Looking ahead to the Feast of All Souls, we’re excited to welcome Lincoln Rice back to New York for the annual Dorothy Day Lecture, also up at Manhattan College. Lincoln’s critical edition of Maurin’s Easy Essays is a gift to scholars, activists, and anyone who wants to learn more about the intellectual heritage of the Catholic Worker movement. As we move towards the close of the harvest season, we look forward to learning more about what Peter can teach us about the land and community, what we owe to each other, and what we receive from the places where we make our homes. Lincoln’s talk takes place on
Thursday, November 2nd at 6:30 pm in the O’Malley Library at Manhattan College. We hope to see you there!
A few words from Dorothy
The Feast of All Saints is quickly approaching, and in that little Triduum of Halloween, All Saints, and All Souls, the liturgical calendar reminds us how intimately we are all bound together, the living as well as the dead. It can be difficult to remember our connections to one another, particularly as war rages piecemeal in so many places around the world. Dorothy spent her life reflecting on and living out that connection, both before and after her conversion. As a Catholic, she spoke of that unity in terms of the Mystical Body of Christ and of the communion of saints. We would like to leave you with her words from January of 1944, a time much like the present:
Charles Peguy wrote: “I am afraid to go to Heaven alone. God will say to me, ‘Where are the others?’”
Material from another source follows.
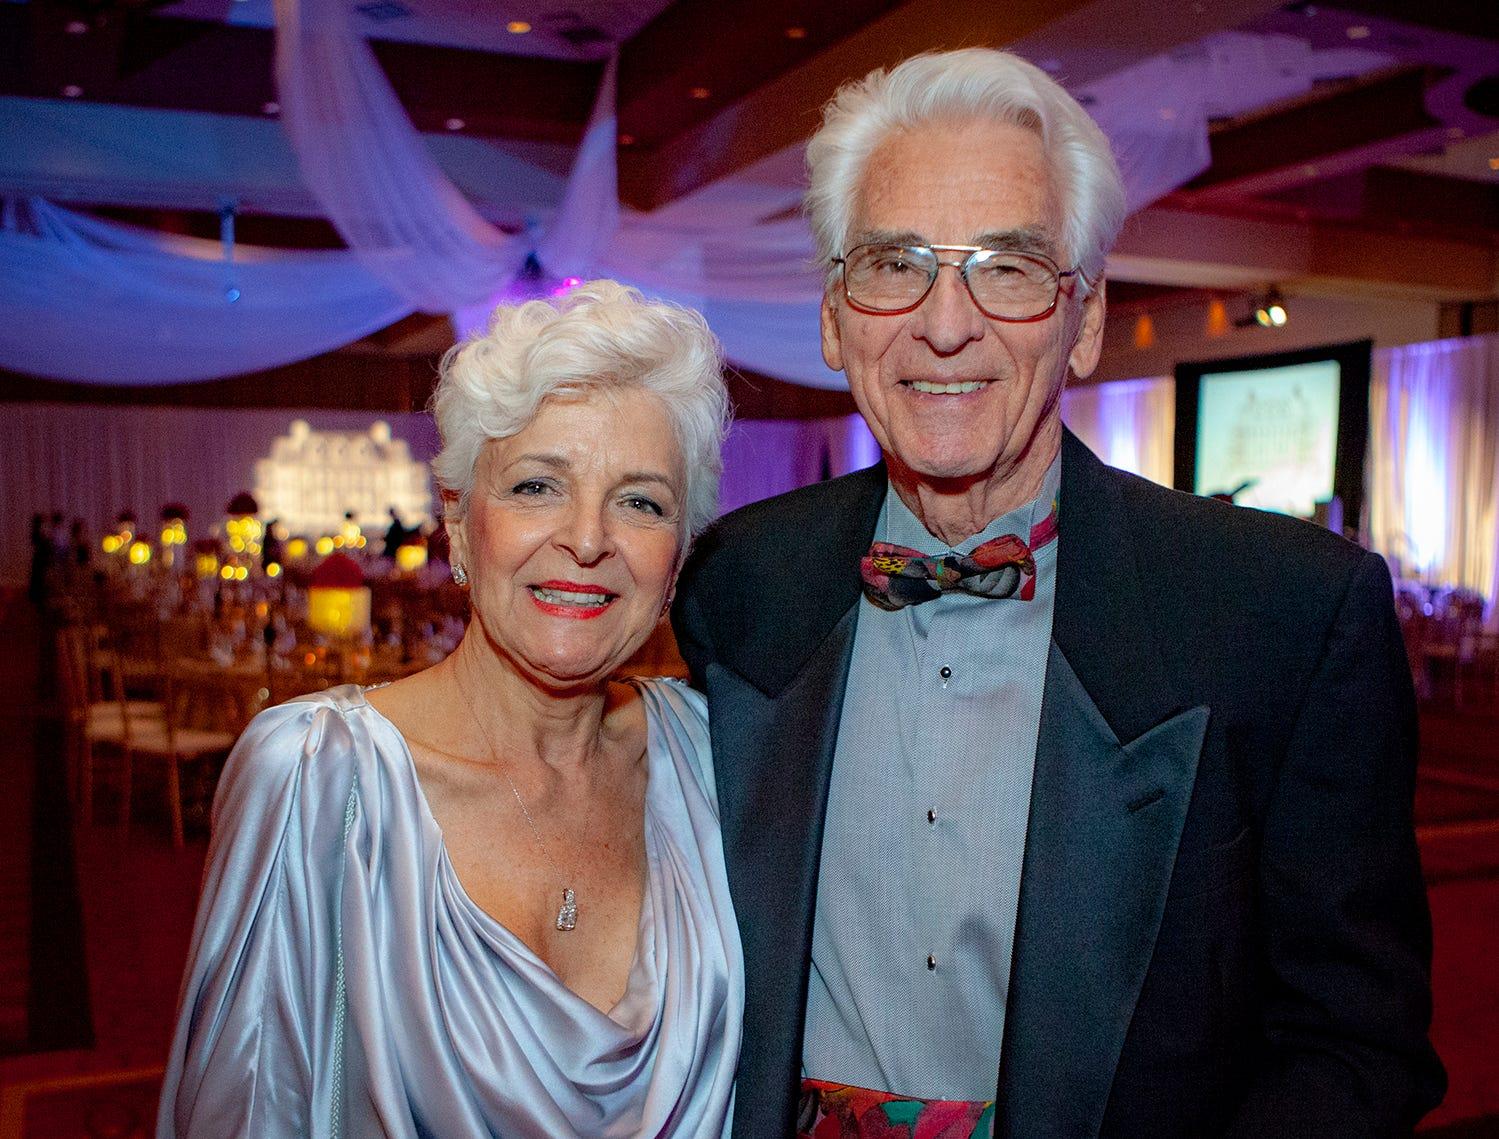 Jackie and Jay Archerat the 2019 Saint Thomas Rutherford Foundation Gala on Saturday, Jan. 19, 2019 at Embassy Suites Murfreesboro.

In one sense we live and die alone in an awful solitude. But, joyful thought, we are all members one of another, members of the same body and our Head is Jesus Christ…
Here, too, is the idea of the communion of saints. “When the health of one member suffers, the health of the whole body is lowered.” And contrariwise, if one is uplifted, he lifts others with him. We share in the honor and glory and beauty and love of others. We can draw upon their merits. We are inspired by their example. We are followers of Christ, our Head.
We are looking forward to sharing further updates from the Guild with you next month, including a new website, so stay tuned for an upcoming email from us. In these last days of October, leading up to the month of All Souls, please join us in praying for the repose of the many recent victims of war and violent conflict and as always, for peace.